As an alternative to this, it is advantageous if the channel regions, as seen in the bit line direction, are arranged alternately at the first broad side and at the second broad side of the trench holes.

It is advantageous if the bit lines are embodied as unfolded bit lines, an external potential in each case being used as reference potential for the read-out operation. In this embodiment of the invention, it is irrelevant if channel regions of adjacent bit lines are also concomitantly activated by the word line, because each bit line is read for itself.

It is advantageous if the word lines are realized as buried word lines arranged within recesses etched into the silicon substrate. Buried word lines have the advantage over word lines applied to the silicon substrate that the insulations can be patterned very simply relative to the trench holes situated underneath, relative to the adjacent word lines and also relative to the bit lines arranged above. A covering oxide layer serves to provide insulation from the trench holes, isolation trenches filled with insulating material serve to provide insulation from adjacent word lines, and a covering layer likewise serves to provide insulation from the bit lines arranged above the word lines. A further advantage is that buried word lines have a large cross section and, in this respect, also a good conductivity because the entire word line plane can be used for fabricating the word lines. The selection transistors can be activated rapidly on account of the high conductivity of such word lines.

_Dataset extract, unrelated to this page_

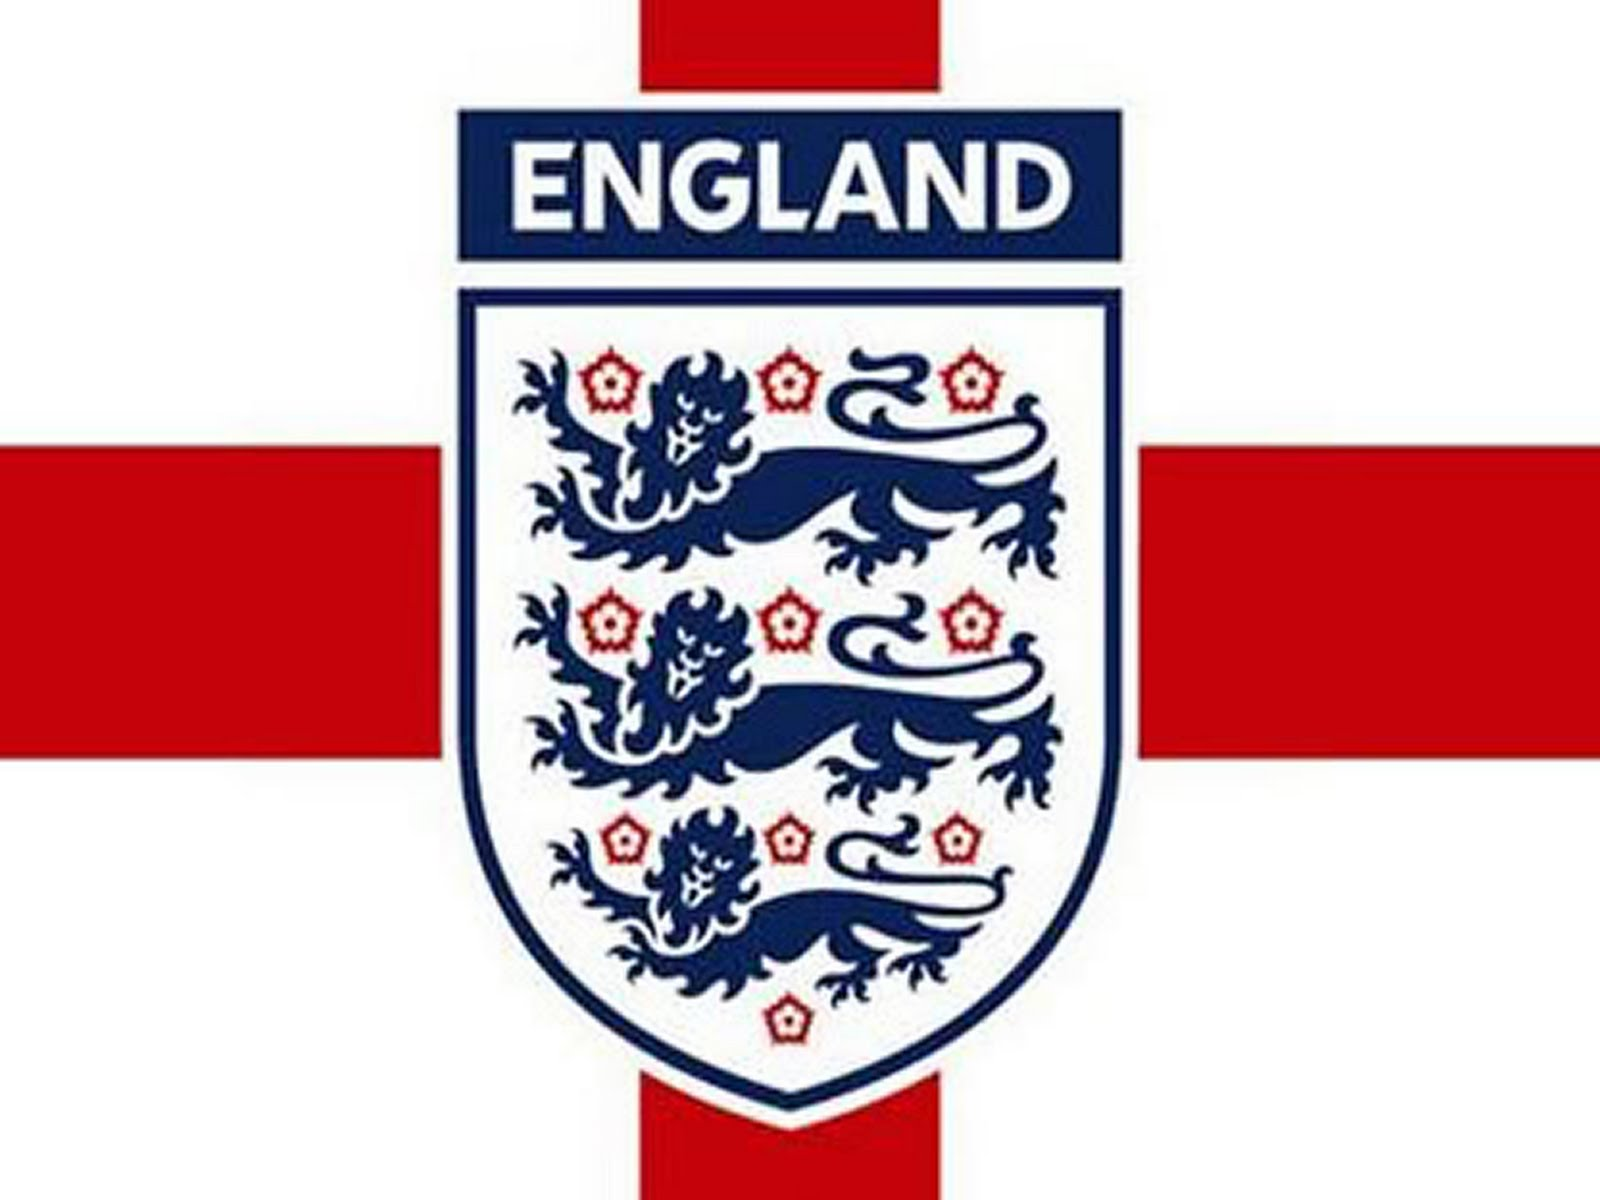 SOCCER PLAYERS WALLPAPER England Football Team World Cup 2010 1600x1200
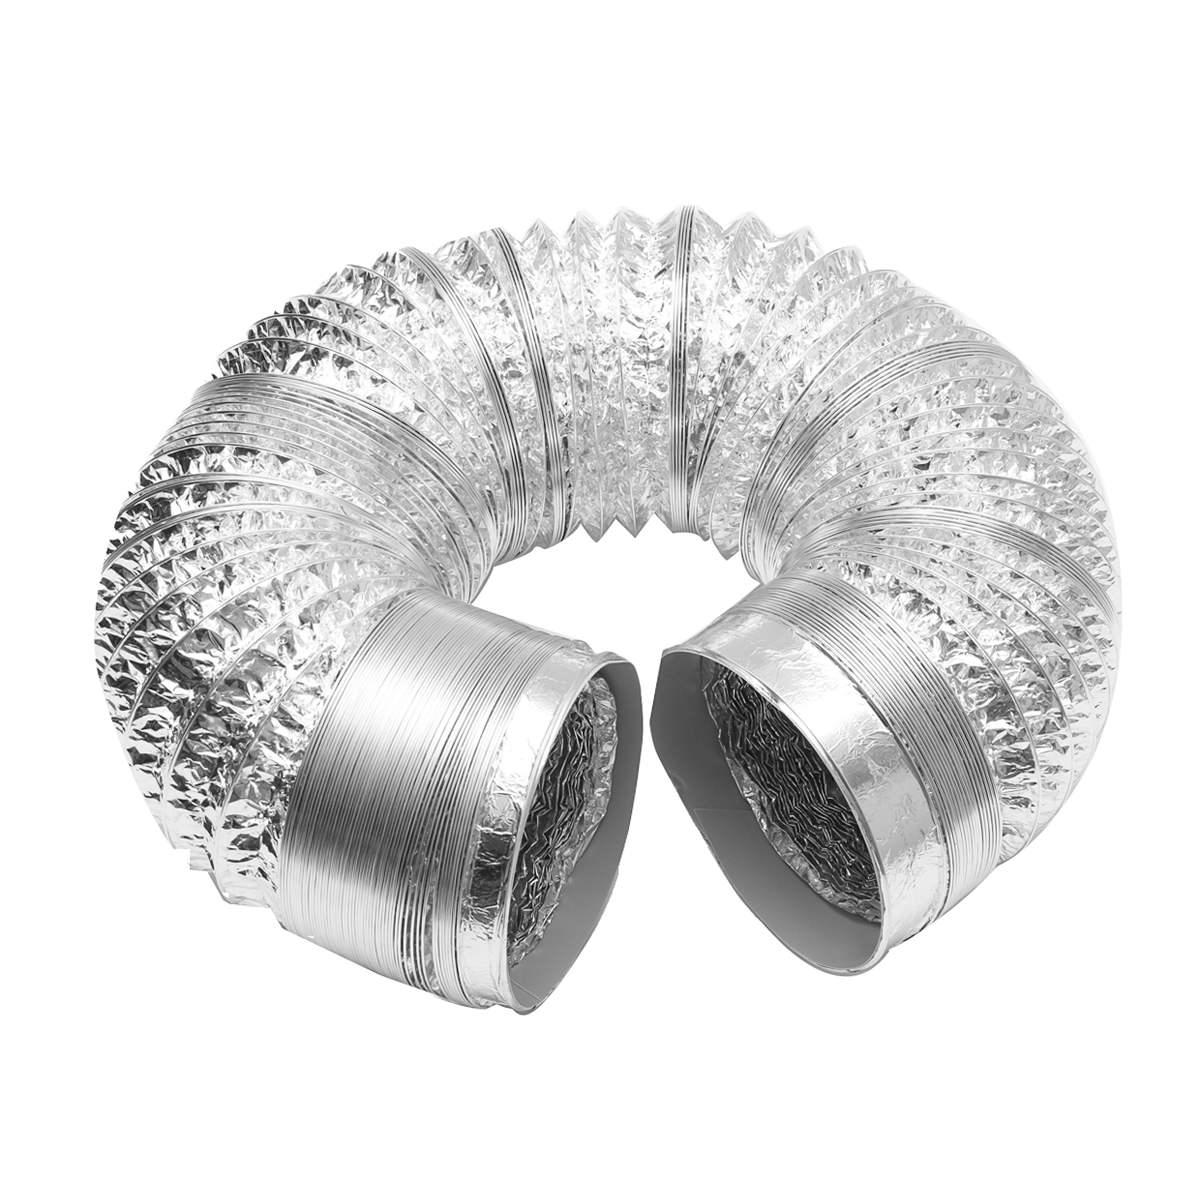 "Aluminium Foil Ducting Flexible Hydroponic Ventilation 4 5 6 8 10/"" 5M or 10M"

In accordance with an advantageous embodiment of the invention, the word lines are made wider than the broad sides of the trench holes. This ensures, on the one hand, that the word line encloses the channel region from all sides, so that a strong conductive channel can form within the channel region given a corresponding potential of the word line. On the other hand, the word line should be made wider than the extent of the broad sides of the trench holes, in order that the word line has a high conductivity. A high conductivity of the word line means that the channel regions can be activated rapidly.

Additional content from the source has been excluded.